Sim, pessoa leitora, eu sou lelé da cuca né?
Antes de tudo, é importante frisar que eu sei que minha experiência é única — como a de todo paciente psiquiátrico. O que escrevo aqui não pode ser levado como uma generalização do que é viver sob o efeito de um poderoso psicotrópico antidepressivos e reguladores de humor. Também não incentivo ninguém a parar de tomar remédio do neida, mas de ter um acompanhamento médico de qualidade. Minha intenção com esse artigo é relatar, não é convencer.
Fui diagnosticado com o CID 10 F41.2 — Transtorno Misto Ansioso e Depressivo — há 10 anos. Desde então, experimentei um sempre mutante coquetel de remédios. Alguns deles me faziam feliz, melhorando minha depressão, mas um pouco feliz demais, atiçando a ansiedade. Outros me faziam calminho, calminho, quase “talvez eu queira parar de viver?” calminho.
Passei por médicos que me atoxaram de química, outros que tentavam ao máximo me dar a dose mínima do remédio mais fraco. Alguns deles condenavam meu eventual uso de psicodélicos, outros viam o cogumelo e o LSD como caminhos para o entendimento da psique e como tratamentos alternativos — mesmo não dizendo isso oficialmente e sob juramento.
Os médicos alemães são conhecidos pelos imigrantes como quem nunca receita remédios. Nos meus 18 meses morando em Munique, tive crises de labirintite, problemas estomacais, e uma gripe especialmente forte. Nos três casos as primeiras receitas foram “chá e descanso”, e eu querendo apenas que enfiassem uma agulha no meu cu e acabassem com meu sofrimento.
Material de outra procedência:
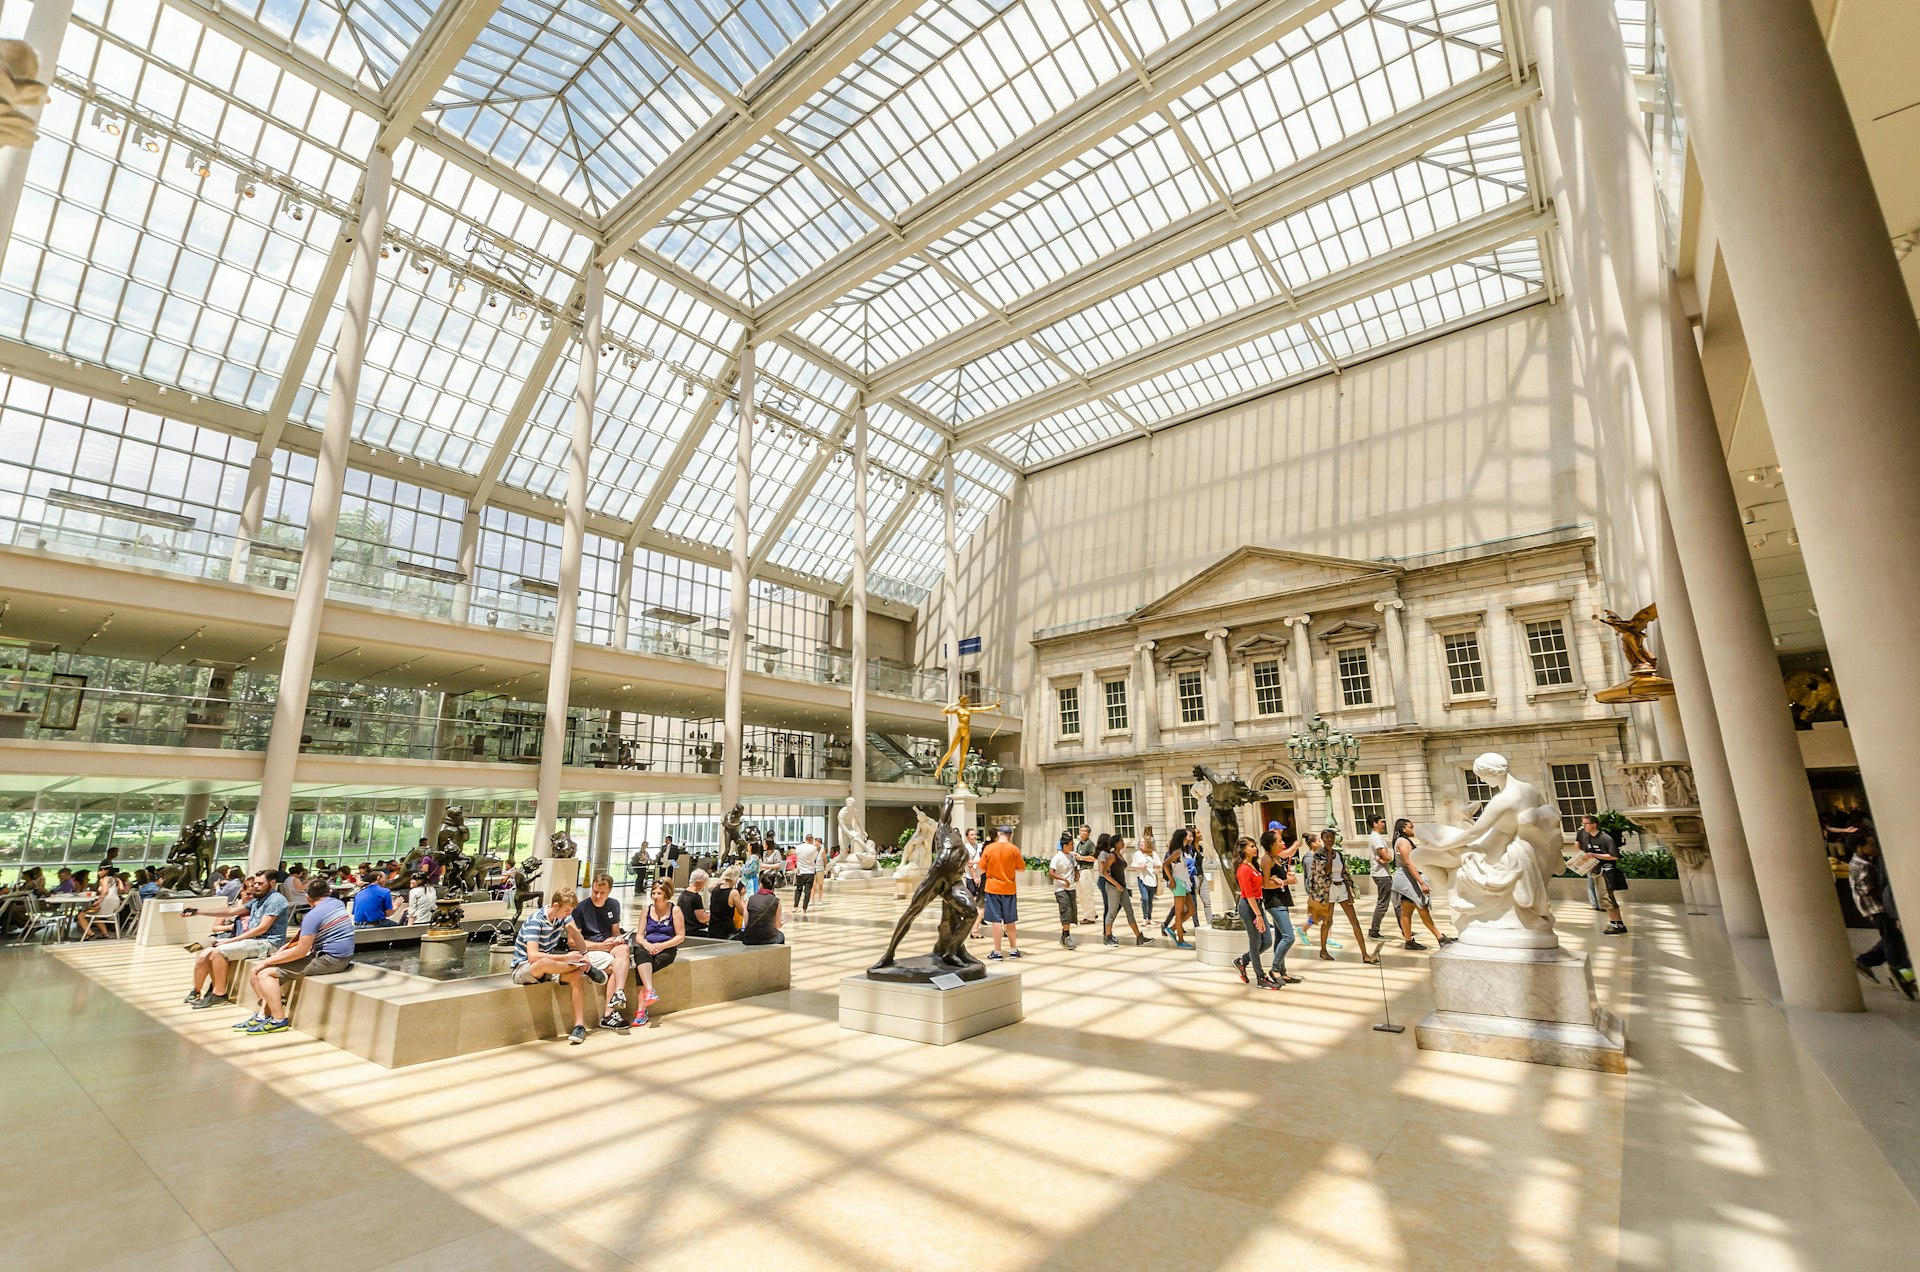 The Charles Engelhard Court in the American Wing of the Metropolitan Museum of Art

Porém, mesmo reclamando da falta de tóxicos, foi lá que comecei meu desmame e me livrei da responsabilidade das pílulas diárias.
So crucify the ego, before it's far too late
And leave behind this place so negative and blind and cynical
And you will come to find that we are all one mind
Capable of all that's imagined and all conceivable
So let the light touch you so that the words spill through
And let the past break through, bringing out our hope and reason
Não lembro bem quando tudo começou, mas a sensação de não querer sair da cama era avassaladora. Apesar de ainda conseguir trabalhar, os dias pareciam mergulhados em uma piscina de lodo — tudo era verde, triste, e moroso. Um amigo próximo que entendia bem do assunto,
, sugeriu que eu procurasse ajuda profissional.O efeito dos medicamentos psiquiátricos não foi imediato — leva tempo. Gradualmente, a vontade de desistir diminuiu e retomei minha vida funcional, embarcando em diversos projetos… até demais.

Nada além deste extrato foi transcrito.